Shopping online is easiest with plastic, but some plastic is better than others. It's advisable only to use credit cards, rather than debit cards, for online shopping. Credit cards represent an extension of credit, while debit cards draw directly from your bank account. Once in possession of your banking information, hackers can do much more damage to your finances than with your credit card number.
Under the Fair Credit Billing Act, consumers are protected in the event of identity theft or fraud -- if they use a credit card. This law protects account holders by limiting their fraud liability to $50. Payments for unauthorized charges to a credit card can also be put on hold and investigated [source: FTC]. Even better, most credit card companies offer more protection, sometimes limiting consumer liability for fraud to zero.
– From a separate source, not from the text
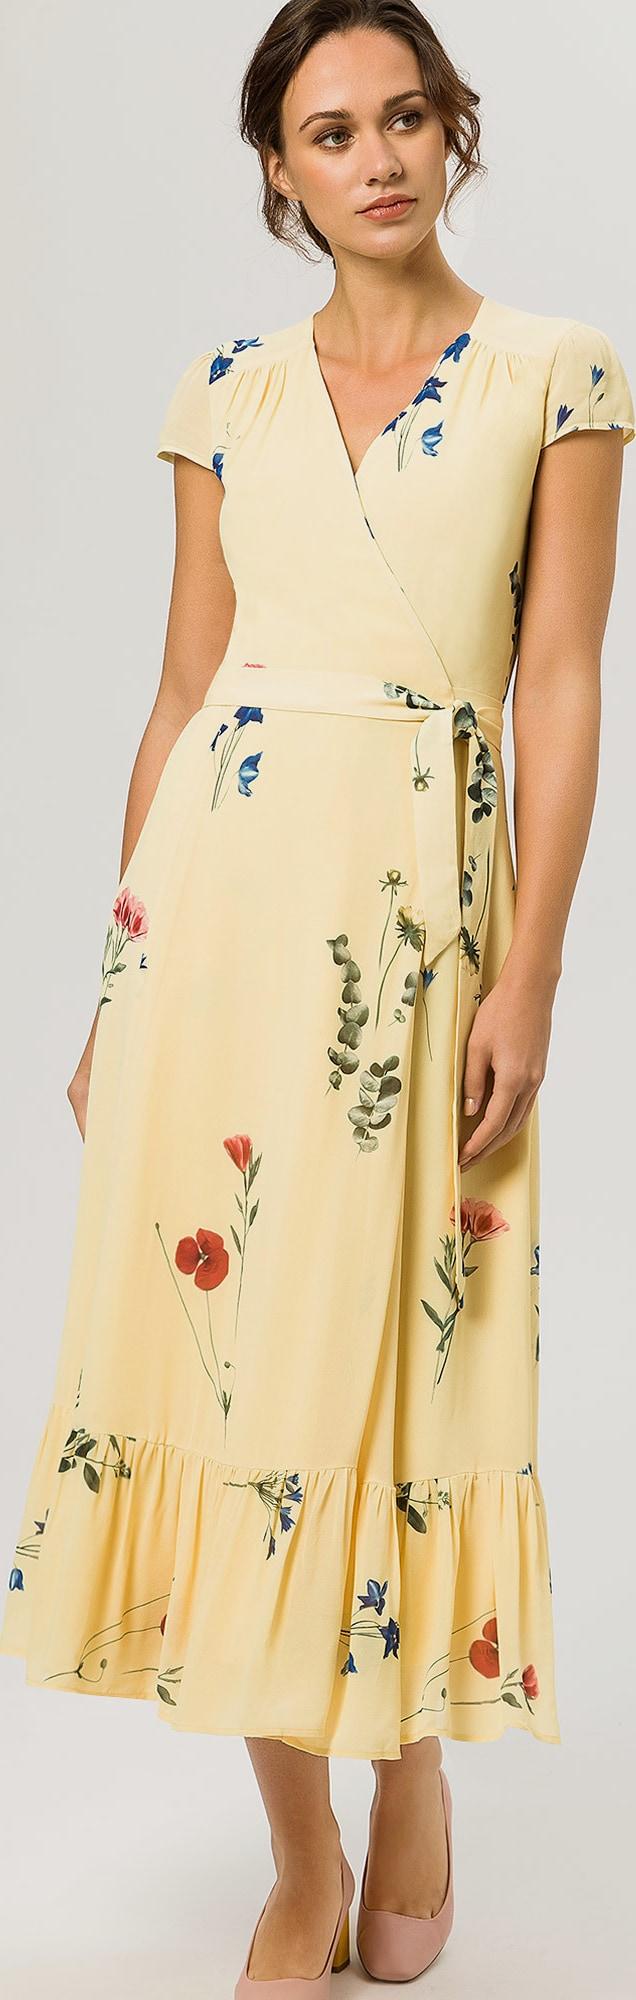 ivy oak kleider wrap dress cap sleeve volant gelb in gelb about you. Black Bedroom Furniture Sets. Home Design Ideas

Using a debit card affords you some federal protection as well. If you notify your bank of a fraudulent debit card purchase within two days your liability is limited to $50; after that it raises to $500 [source: Bankrate].
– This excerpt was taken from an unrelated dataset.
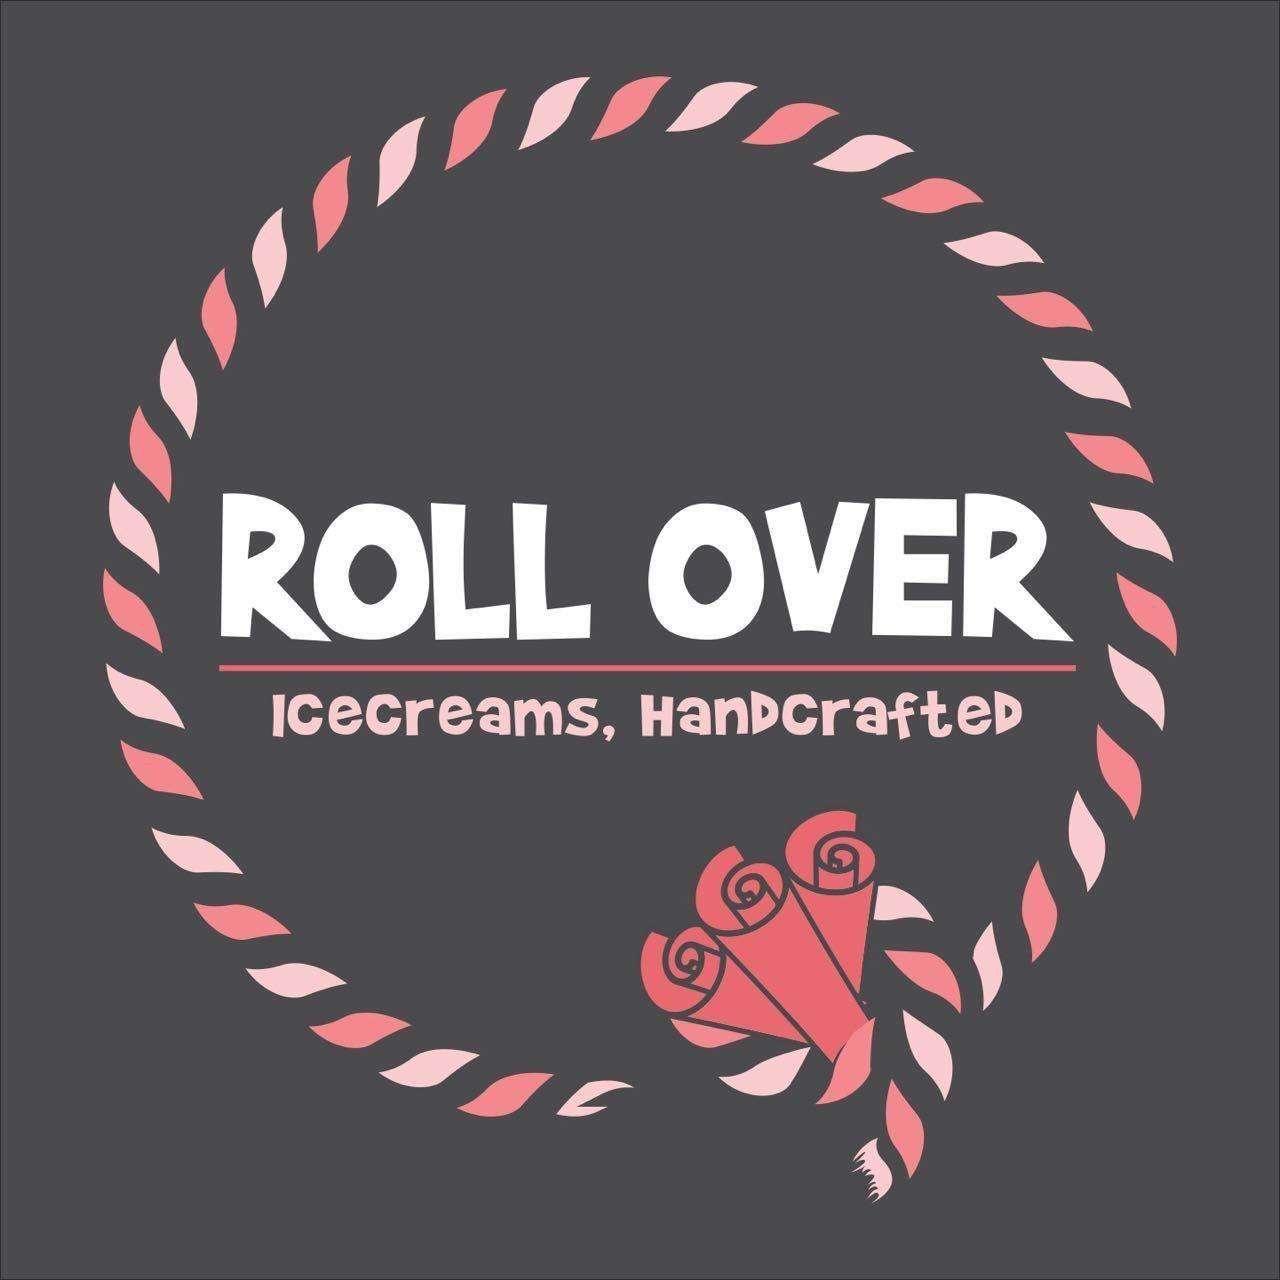 Rollover Icecream Handcrafted - Labbipet - Vijayawada Image

Most credit card companies now offer single-use credit card numbers for online shopping. These expire after one purchase and only your credit card company knows which account it's linked to.
Using only one credit card for online shopping is another great way to head off potential online shopping headaches [source: Consumer Reports]. If you have one credit card number sent via cyberspace, the potential for fraud is limited to that one account. Should a hacker come by your account information, you'll have only that credit card company to contend with.